When you transcribe the listing that follows, keep every line exact and omit the pictures.

------ Supplied data ------

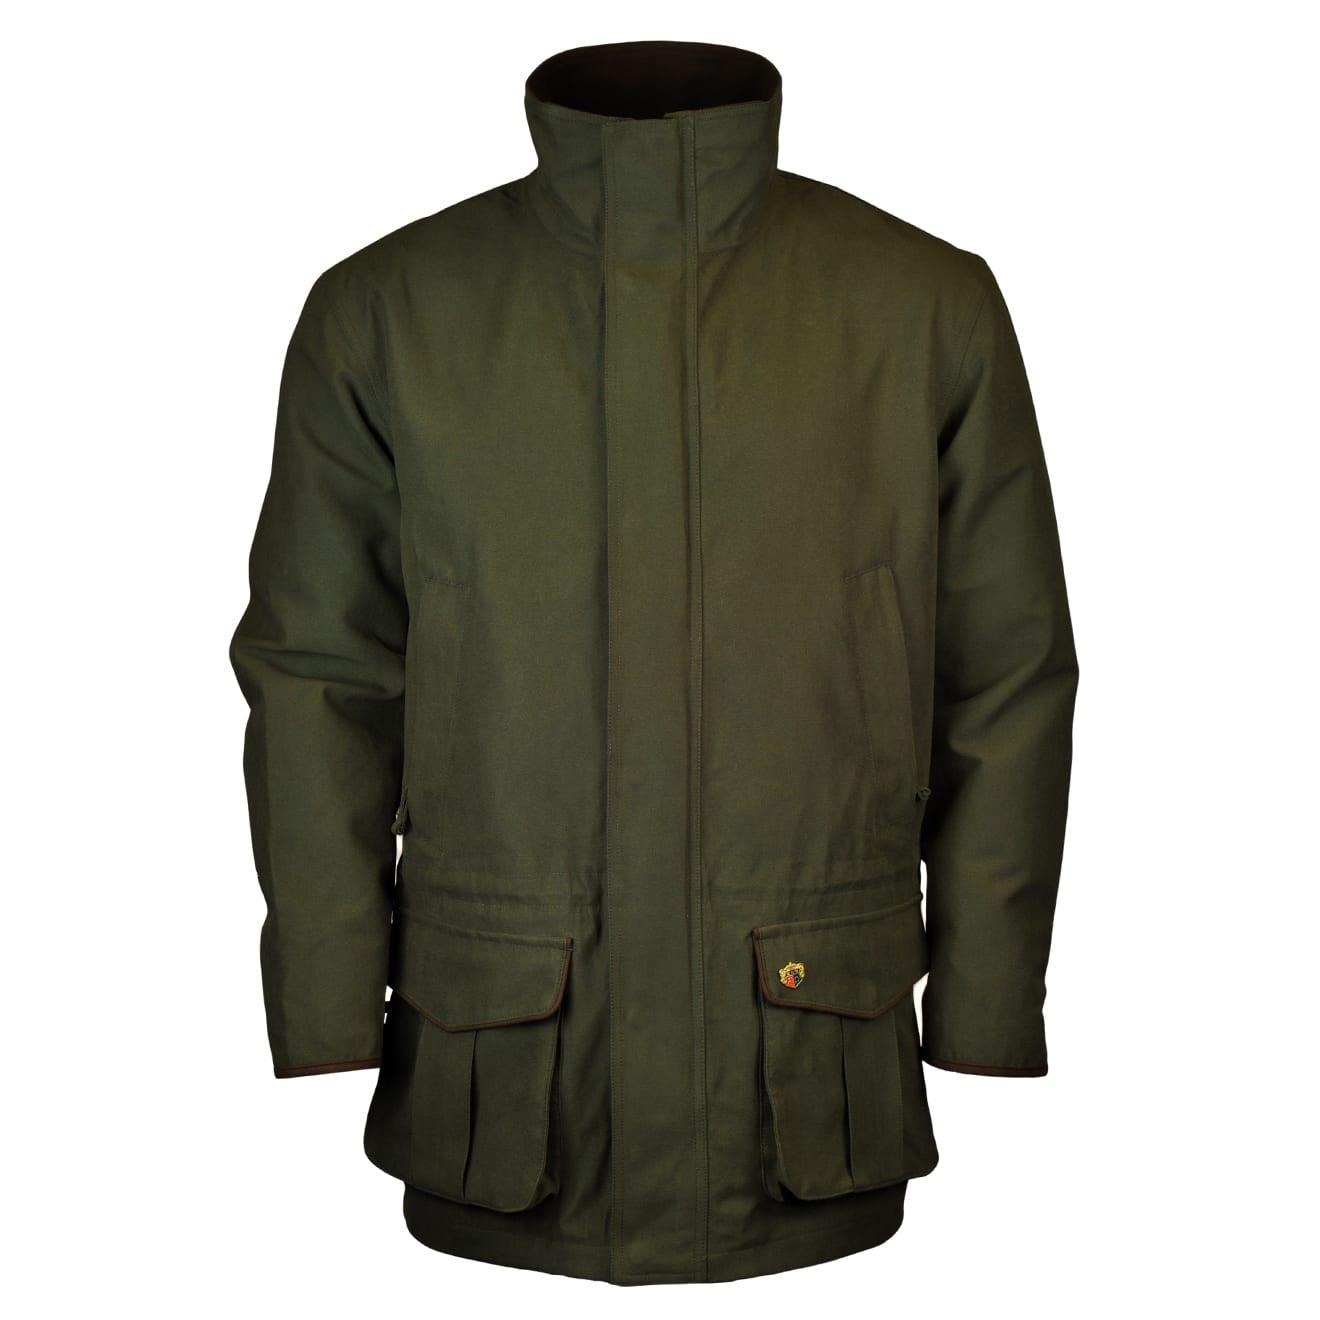 Alan Paine bergcot berwick waterproof shooting jacket olive 2
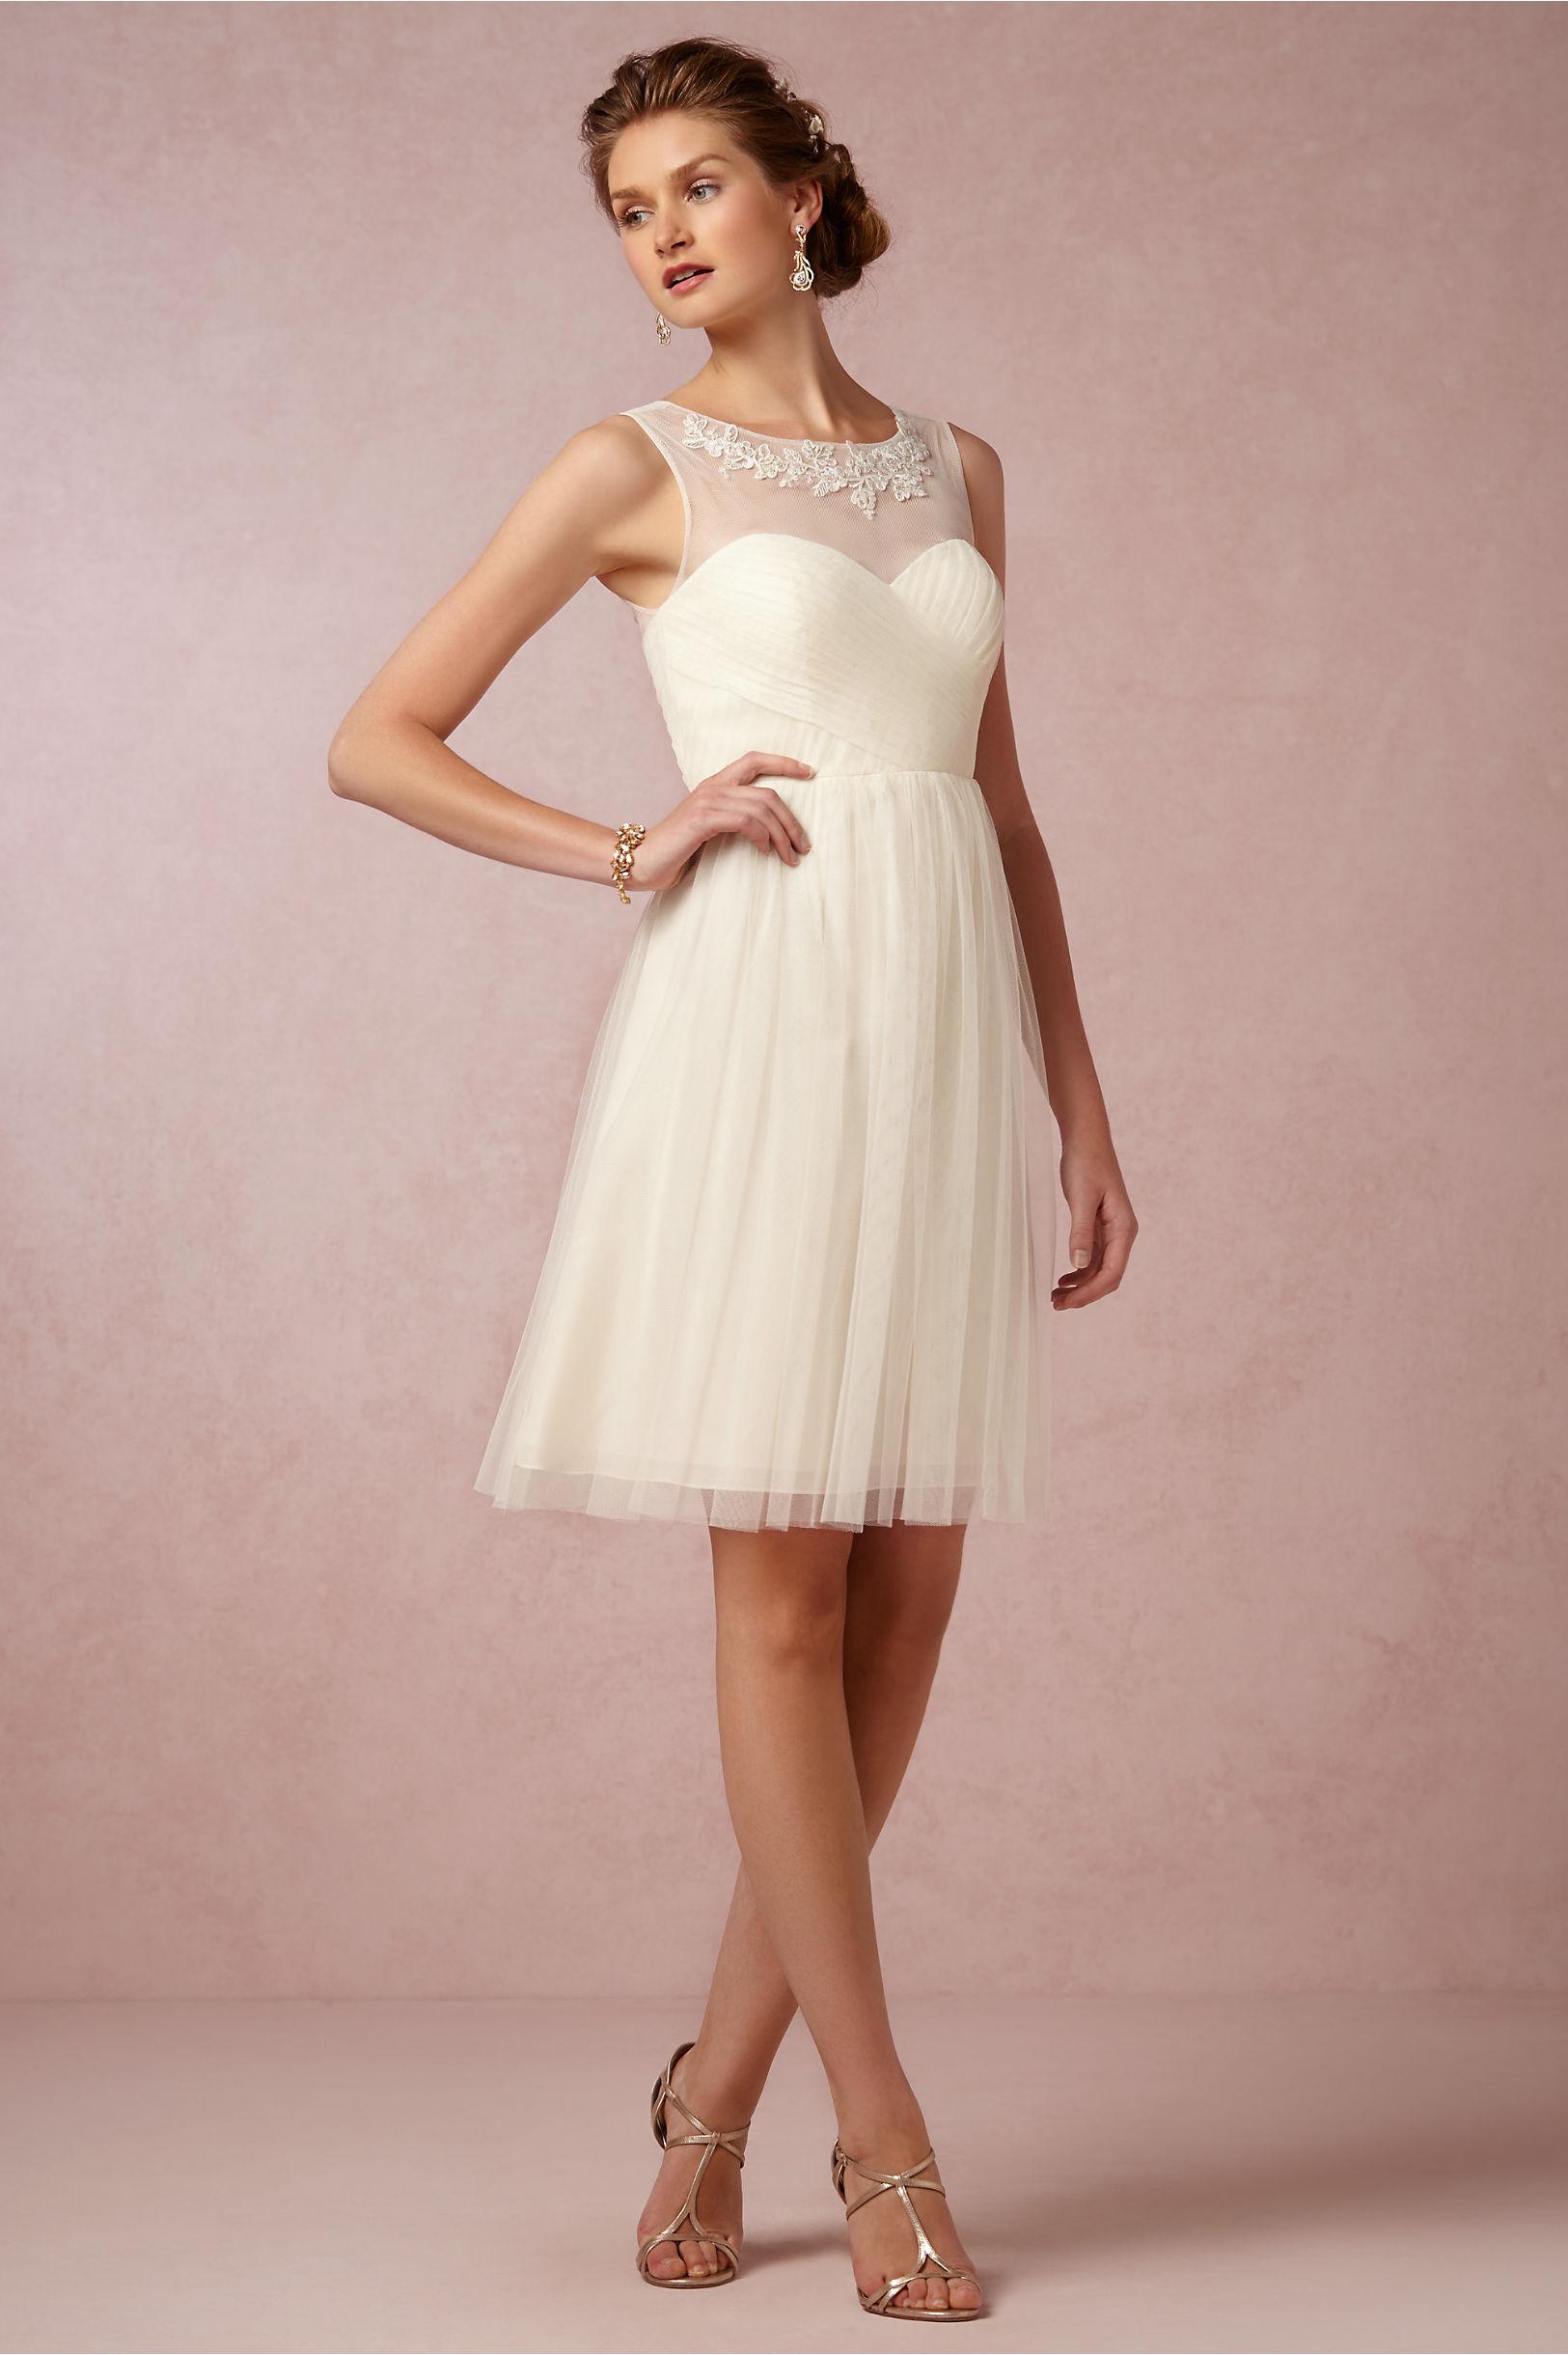 chloe wedding dresses photo - 1
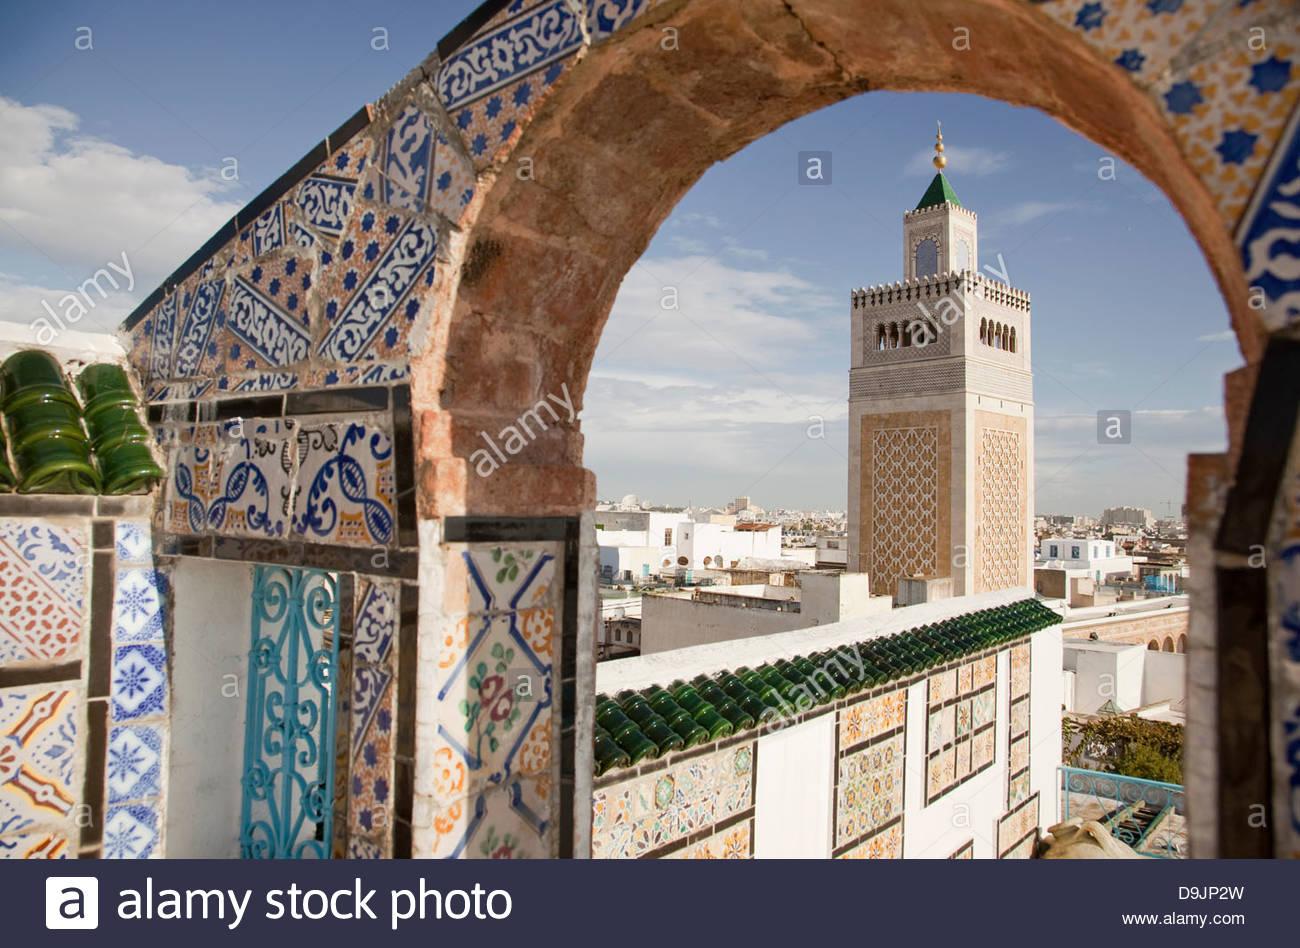 Al Zaytuna Mosque Tunis Tunisia Stock Photo Alamy

------

▶ **Your solution**:
 Alan Paine bergcot berwick waterproof shooting jacket olive 2
 chloe wedding dresses photo - 1
 Al Zaytuna Mosque Tunis Tunisia Stock Photo Alamy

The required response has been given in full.